Caution: Although horoscopes are based on a universally revered and ancient study of the heavens, certain members of the scientific community think we’re a bunch of disreputable boobs. Therefore, on the advice of our attorneys, we reluctantly inform you that it’s not a good idea to take our recommendations too seriously. (According to our critics, you should get your professional guidance from friends, family members or, God forbid, psychiatrists.) Failure to heed this advice may result in your being slapped in the face, ridiculed at work, arrested for indecent exposure or, in a worst case scenario, dying because someone’s jealous spouse blows your brains out after mistaking you for a sniveling, overpaid, wife-stealing lawyer.
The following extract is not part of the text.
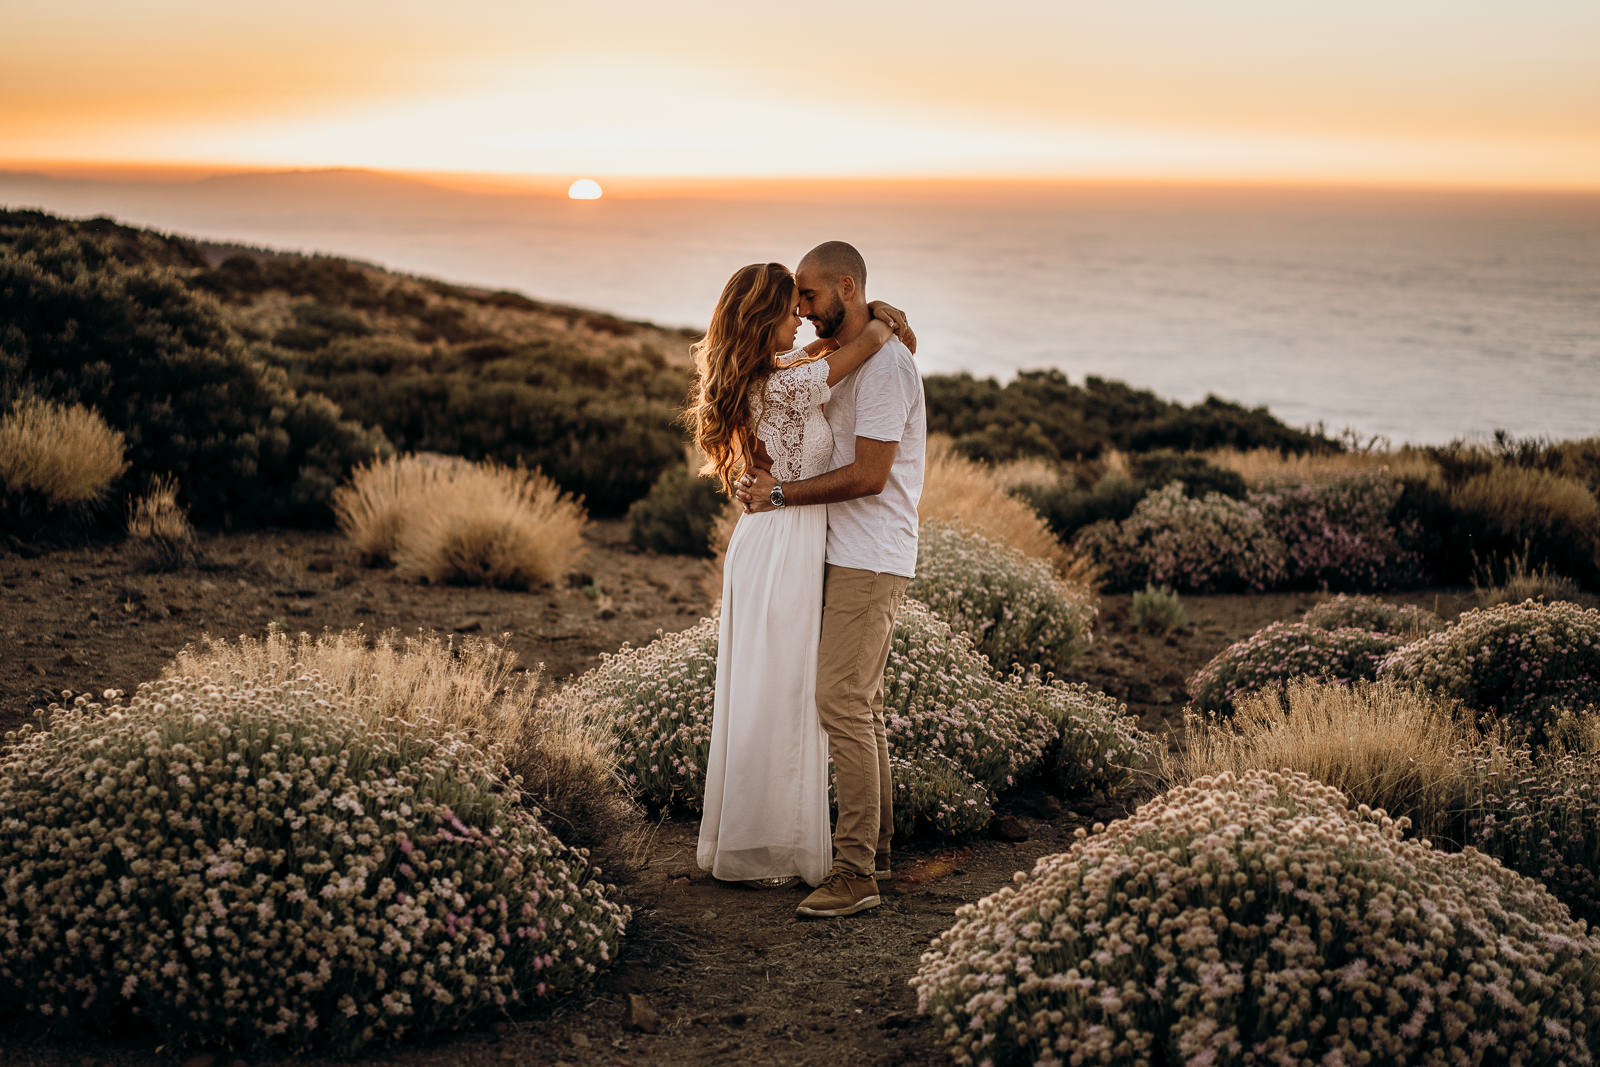 Sunset Shoot on Tenerife by Karina Sowa

Caution: Eating highly processed sugar is bad for your teeth. The bacteria that live in your mouth love sugar and reproduce by the billions in such an environment. Therefore, while M&Ms are undoubtedly the most delicious candy ever made, eating this treat may lead to many painful trips to the dentist. Depending on the skill of your practitioner, the ensuing treatment may result in tooth loss, death from the inappropriate use of nitrous oxide, or never getting married because your breath is so rancid a prospective mate would rather spend his or her time shacked up with a moose.

Verizon Cell Phones

Caution: Cell phones emit an electronic signal that has not been fully tested by the FCC. Although the government has given us permission to manufacture and sell these devices, there is a distinct possibility that the electromagnetic radiation produced may cause certain medical problems. Do not use this product if you are concerned about becoming stricken with any of the following symptoms and/or disorders: amnesia, constipation, diarrhea, anorexia, obesity, brain tumors, impotence, promiscuity, hair loss, spontaneous combustion, paranoia, coreopsis, dry mouth, stroke, tics, road rage, blurred vision, a compulsion to eat dog food, swollen ankles, dizziness, hairballs, infidelity, slothfulness, a tendency to think you have experienced something before, déjà vu, gonorrhea, itchy teeth, hiccups, insomnia, delusions of grandeur, phlegmatic personality disorder, jock itch, palpitations, an obsession with Barry Manilow, unexplained buoyancy in salt water, sterility, increased nasal hair.

Celebrity Cruise Lines

Caution: The rainforest is a lush paradise teeming with a wonderful array of exotic plant and animal life. Unfortunately, many of these life forms would like nothing better than to end yours. Do not visit _____________ (fill in name of country on your itinerary) unless you are immunized against all tropical diseases, can survive on nothing but grubs and tree bark for weeks at a time, and have a note signed by your mother.

The Onion

Caution: If you read this paper on a full stomach, be advised that you may aspirate from the convulsive laughter that will inevitably follow. Aspirating foodstuffs can lead to pneumonia, respiratory arrest, and death. Neither the editors nor the publisher will be held libel for any medical misadventures that follow the intellectual ingestion of the material contained herein. Read at your own risk.